# Thread: UFD Question

1. ## UFD Question

Hello all,

I am finishing up this chapter in my book with regards to UFD's, and it presented an interesting question that ties in with unique prime factorization. Here is what it says:

It can be shown directly that $Z[\sqrt{-3}]$ is not a UFD by finding an integer which factors into primes in more than one way. These two factorizations are related to the unique prime factorization in the quadratic integers in $Q[\sqrt{-3}]$

Can anyone show me this directly and explain how those factorizations are related?

Thank you!

2. Originally Posted by Samson
Hello all,

I am finishing up this chapter in my book with regards to UFD's, and it presented an interesting question that ties in with unique prime factorization. Here is what it says:

It can be shown directly that $Z[\sqrt{-3}]$ is not a UFD by finding an integer which factors into primes in more than one way. These two factorizations are related to the unique prime factorization in the quadratic integers in $Q[\sqrt{-3}]$

Can anyone show me this directly and explain how those factorizations are related?
Look at the factorisations $4 = 2\times2 = (1 + \sqrt{-3})(1 - \sqrt{-3}).$

3. Thank you Opalg! How would you describe how those factorizations are related though? Is there some property or law that describes that relationship?
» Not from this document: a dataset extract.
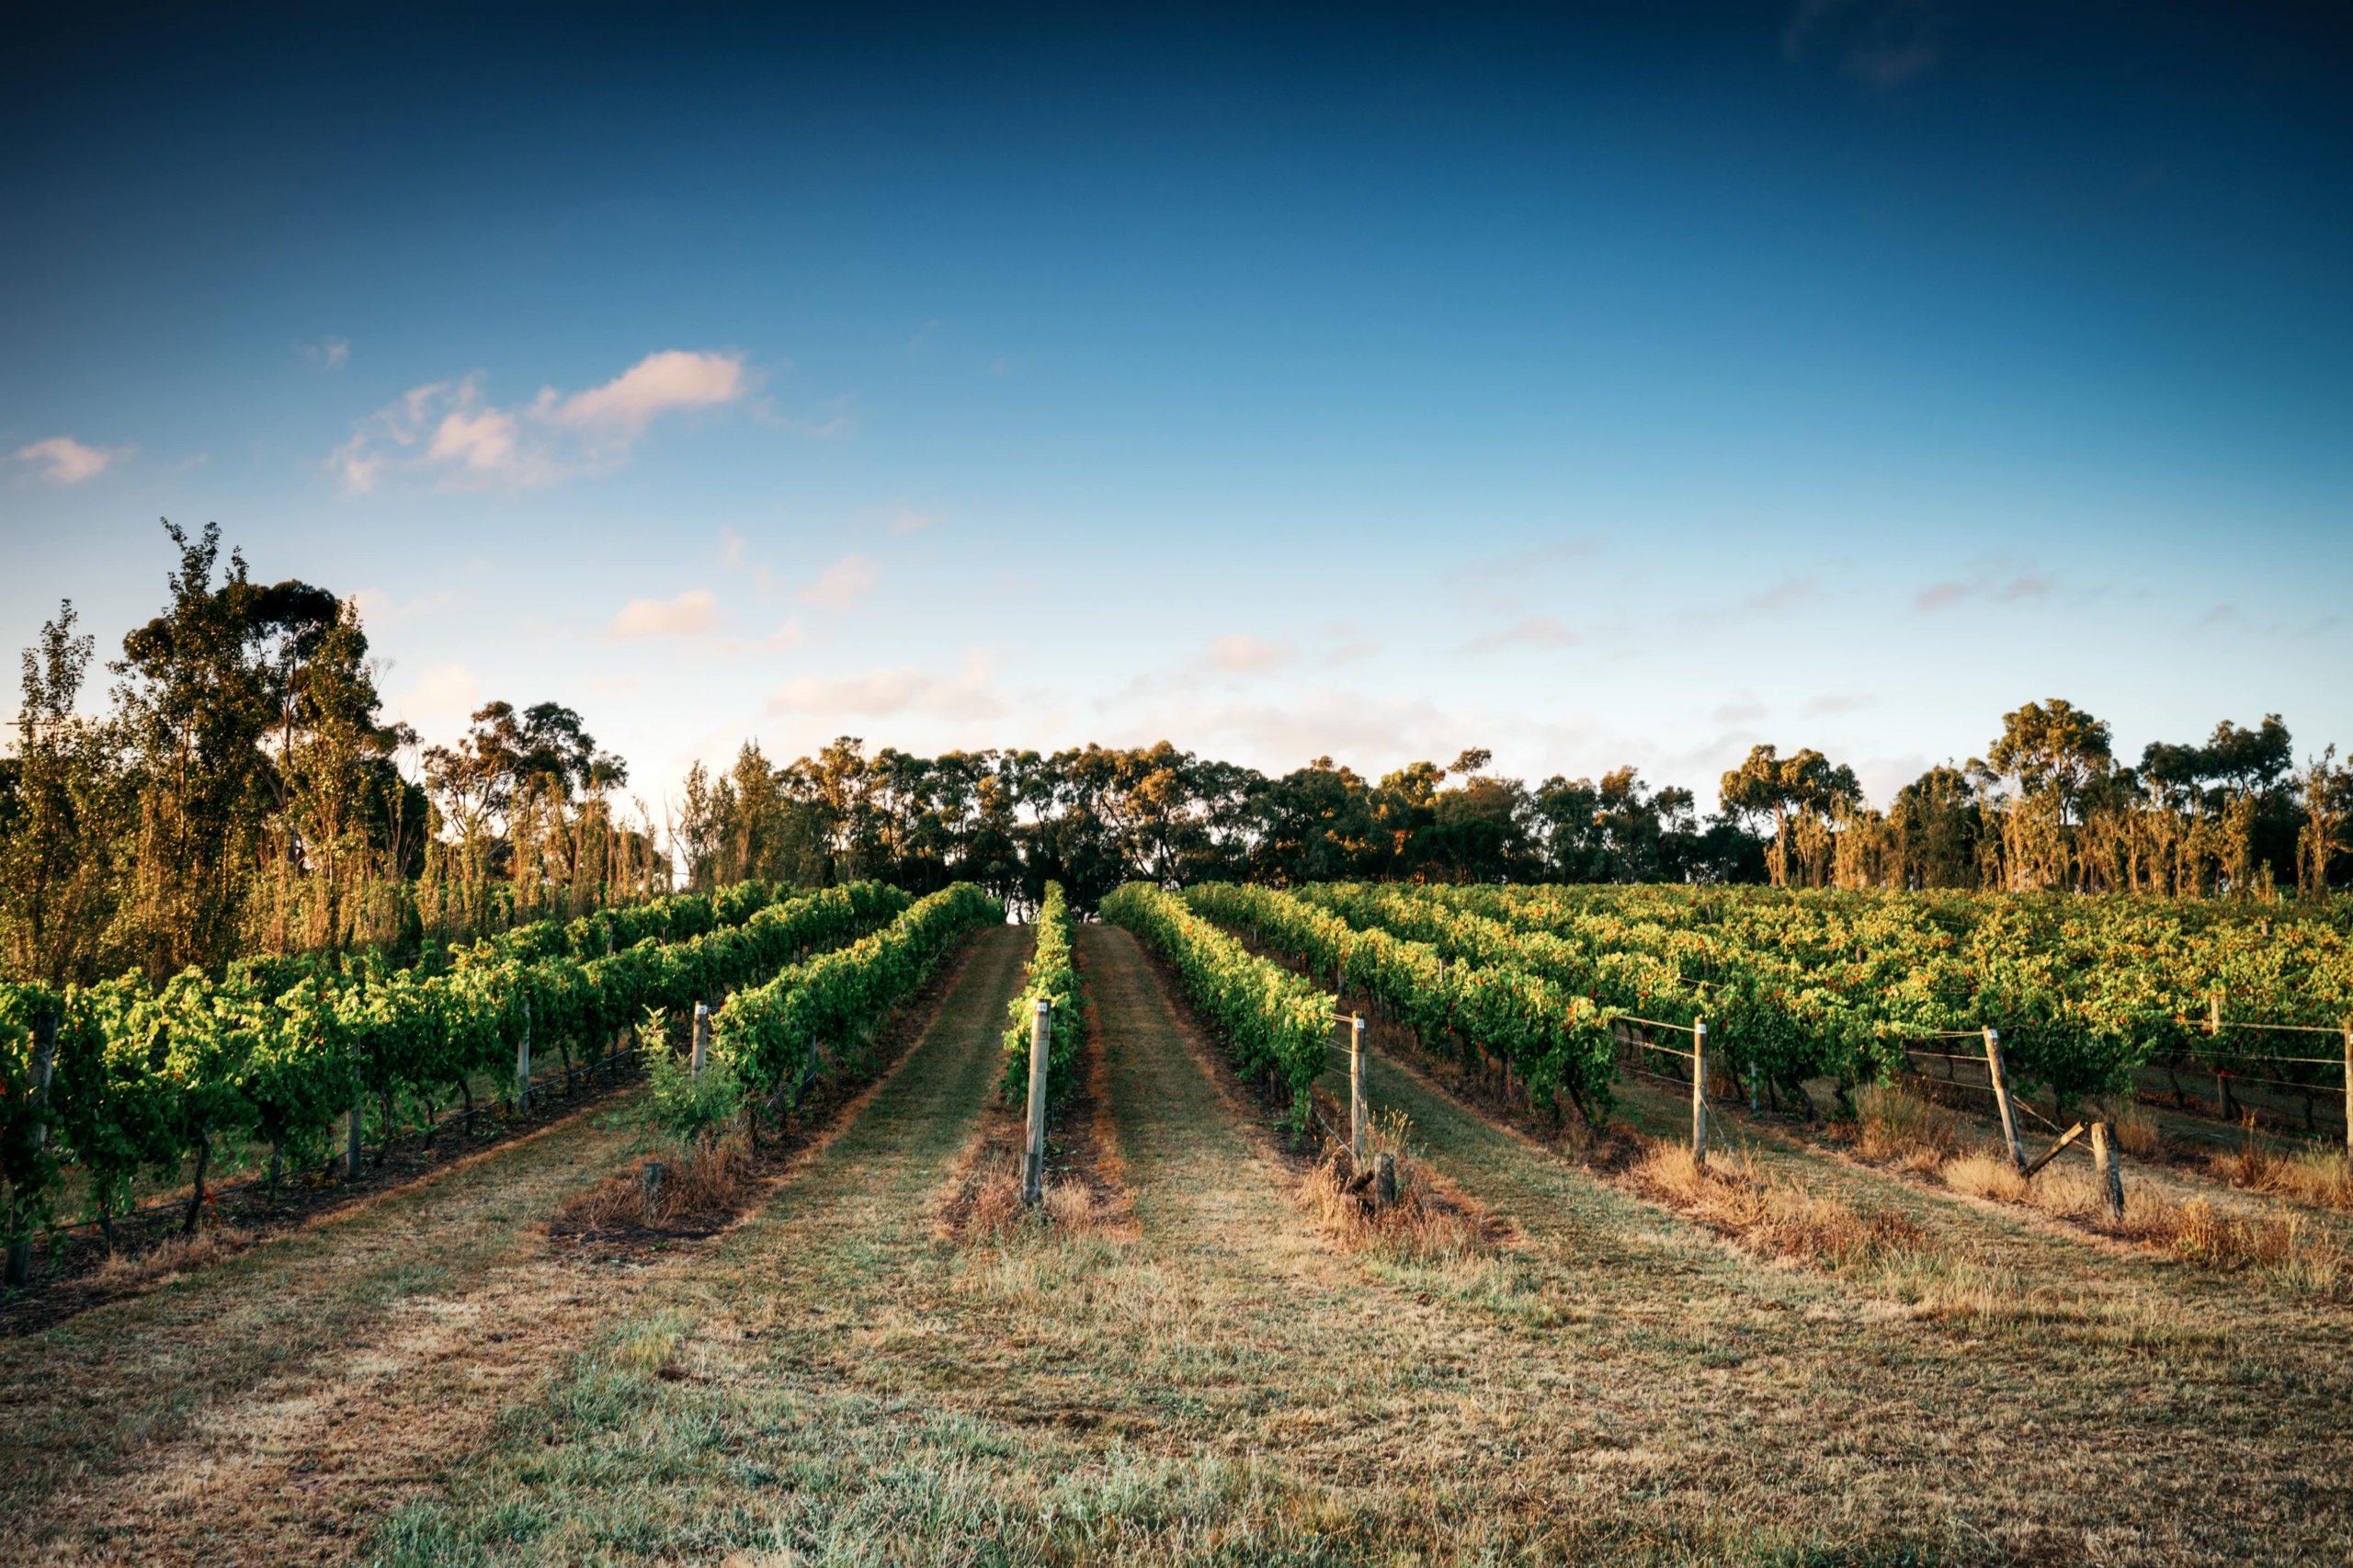 Webp.Scotchmans Hill - Day Vineyards

4. Originally Posted by Samson
How would you describe how those factorizations are related though? Is there some property or law that describes that relationship?
The ring $\mathbb{Z}[\sqrt{-3}]$ has a norm associated with it, namely a multiplicative function N from the ring to the positive integers. In this case, $N(a+b\sqrt{-3}) = a^2+3b^2$. If you want to factorise a number in $\mathbb{Z}[\sqrt{-3}]$ then you need to factorise its norm. For example, $N(4) = 16$. So if $a+b\sqrt{-3}$ is a factor of 4 then $N(a+b\sqrt{-3})$ must be a factor of 16. The only factor of 16 that can be expressed in the form $a^2+3b^2$ is 4, which is equal to both $2^2+3\cdot0^2$ and $1^2+3\cdot1^2$. So the only factors of 4 in $\mathbb{Z}[\sqrt{-3}]$ are $\pm2$ and $\pm1\pm\sqrt{-3}]$. These numbers all have norm 4, and there are no proper factors of 4 that can be expressed in the form $N(a+b\sqrt{-3})$. So 2 and $1\pm\sqrt{-3}$ are all irreducible in the ring $\mathbb{Z}[\sqrt{-3}]$. Thus 4 has two essentially different factorisations in $\mathbb{Z}[\sqrt{-3}]$, which shows that this ring is not a UFD.

5. Thank you!